■ **Data shown**:
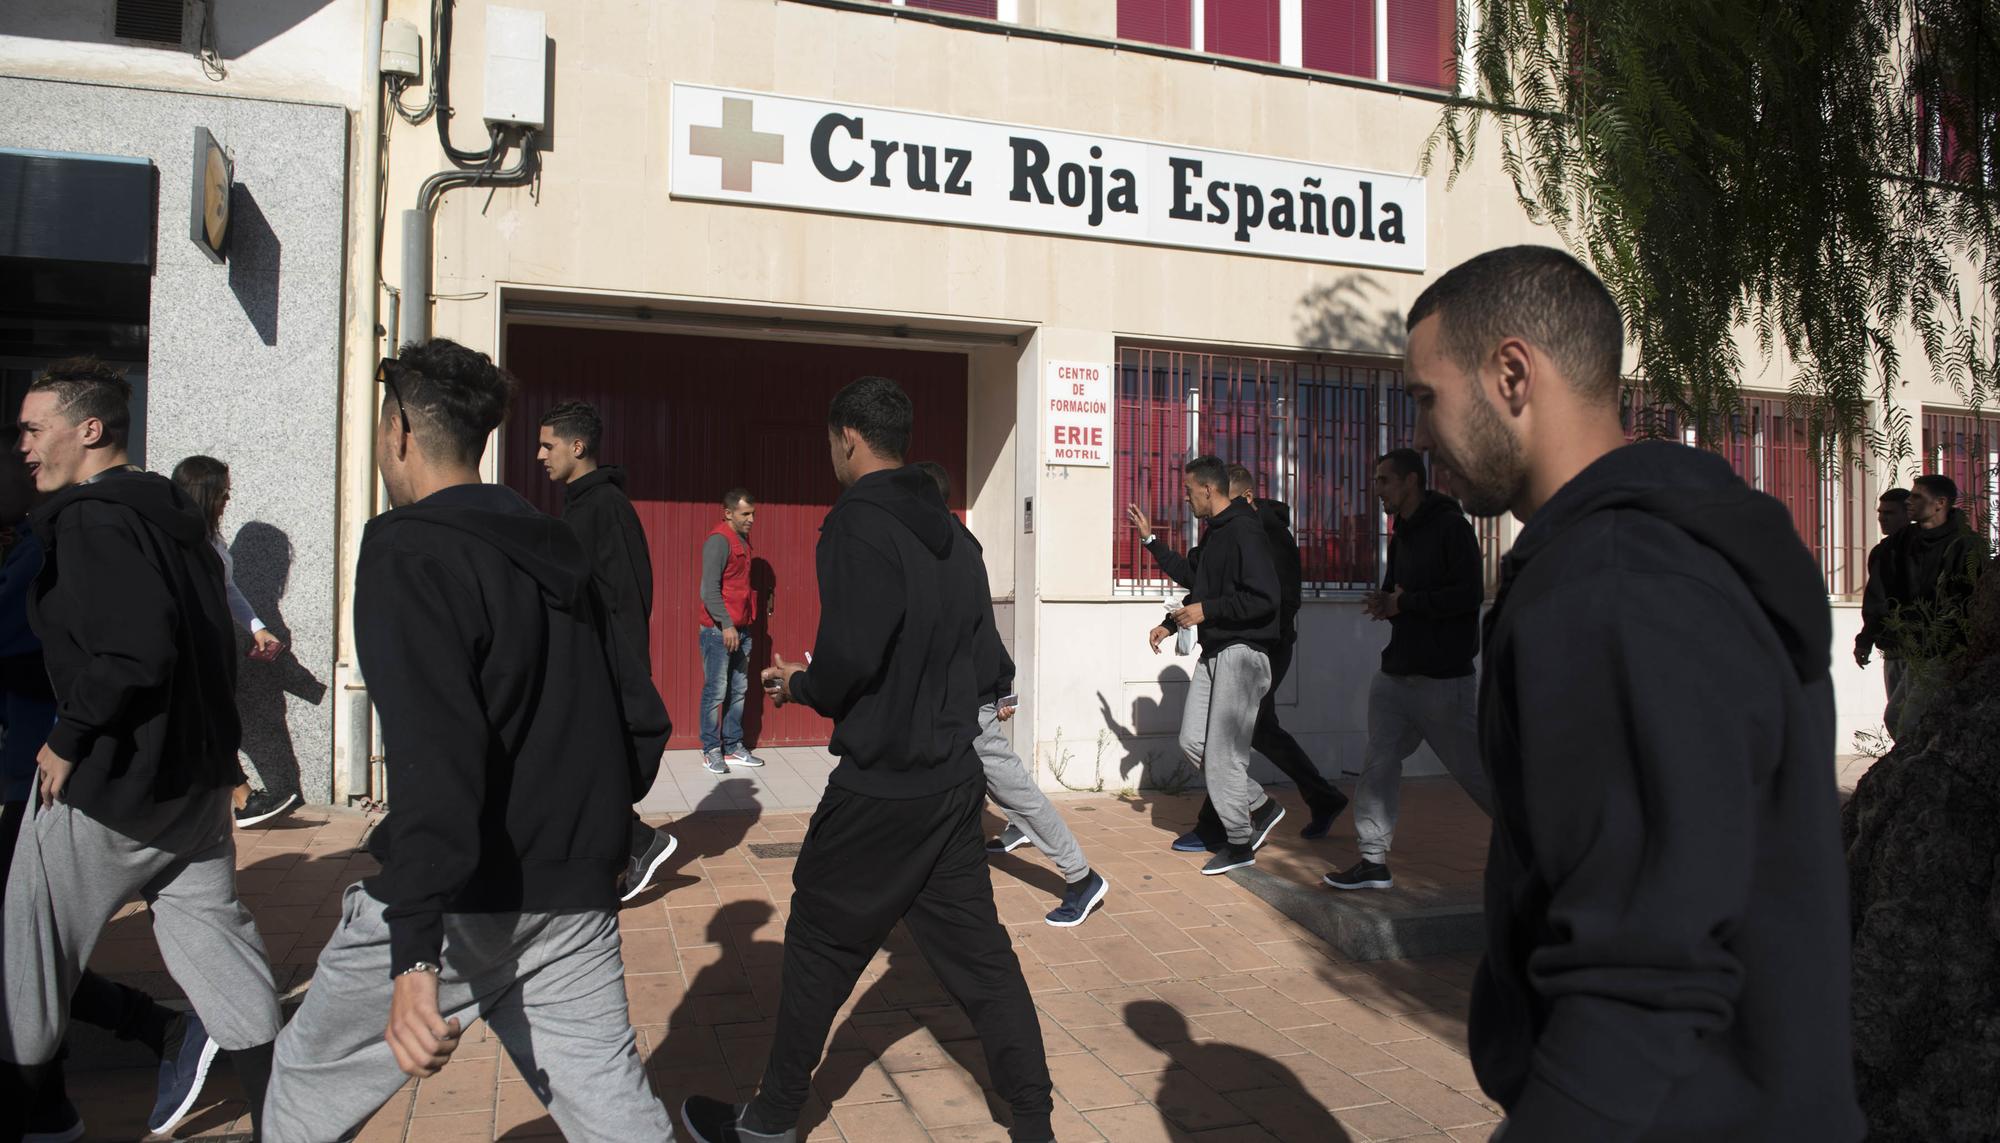 migrantes marroquies cruz roja
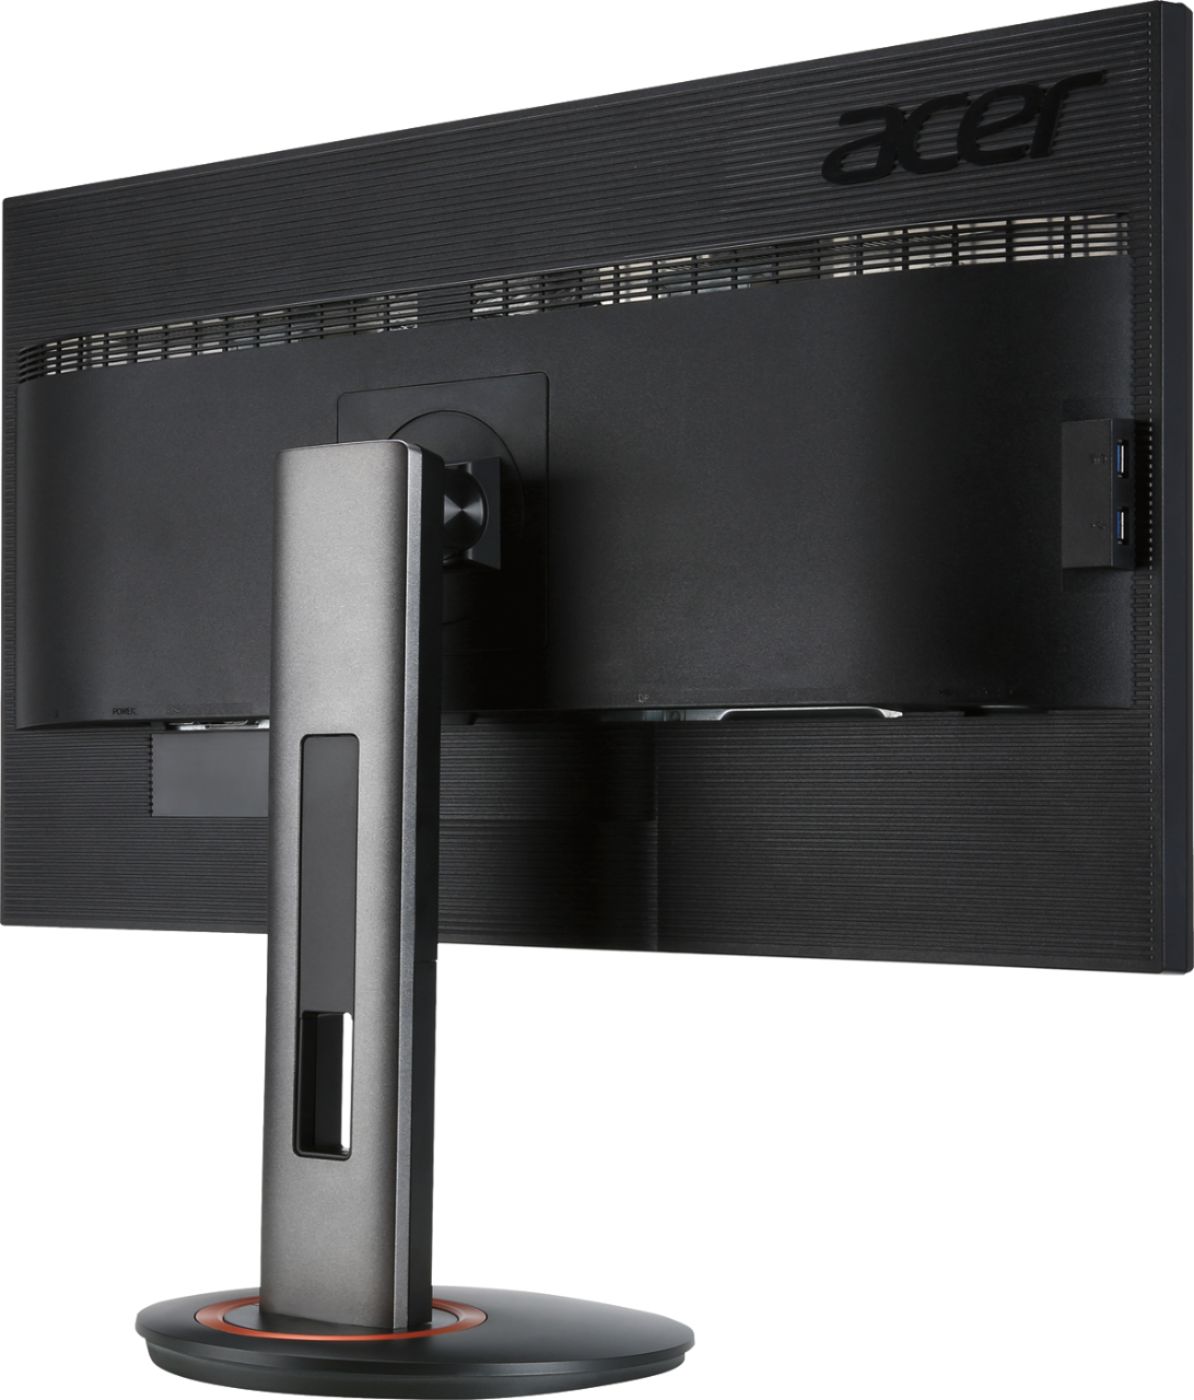 Brug af en computer voldtage smække Best Buy: Acer XF270HUA 27" IPS LED HD FreeSync Monitor Black XF270HU  ABMIIDPRZX
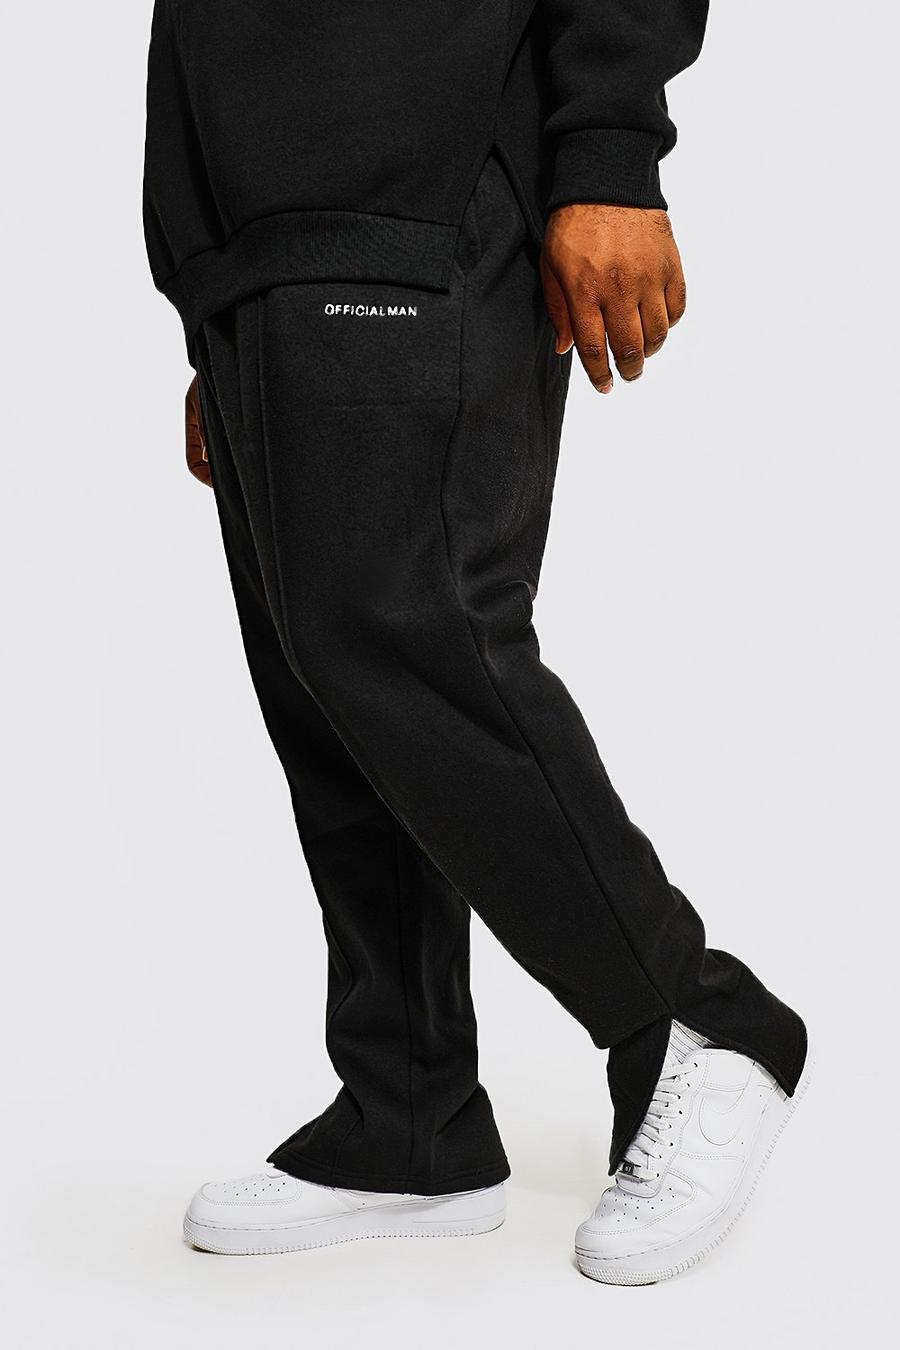 שחור מכנסי ריצה בגזרה צרה עם מכפלת חצויה וכיתוב Man Official למידות גדולות image number 1

■ **Problem statement**: Every line of the listing above is to be set down verbatim, without the pictures.

■ **Answer for this exercise**:
 migrantes marroquies cruz roja
 Brug af en computer voldtage smække Best Buy: Acer XF270HUA 27" IPS LED HD FreeSync Monitor Black XF270HU  ABMIIDPRZX
 שחור מכנסי ריצה בגזרה צרה עם מכפלת חצויה וכיתוב Man Official למידות גדולות image number 1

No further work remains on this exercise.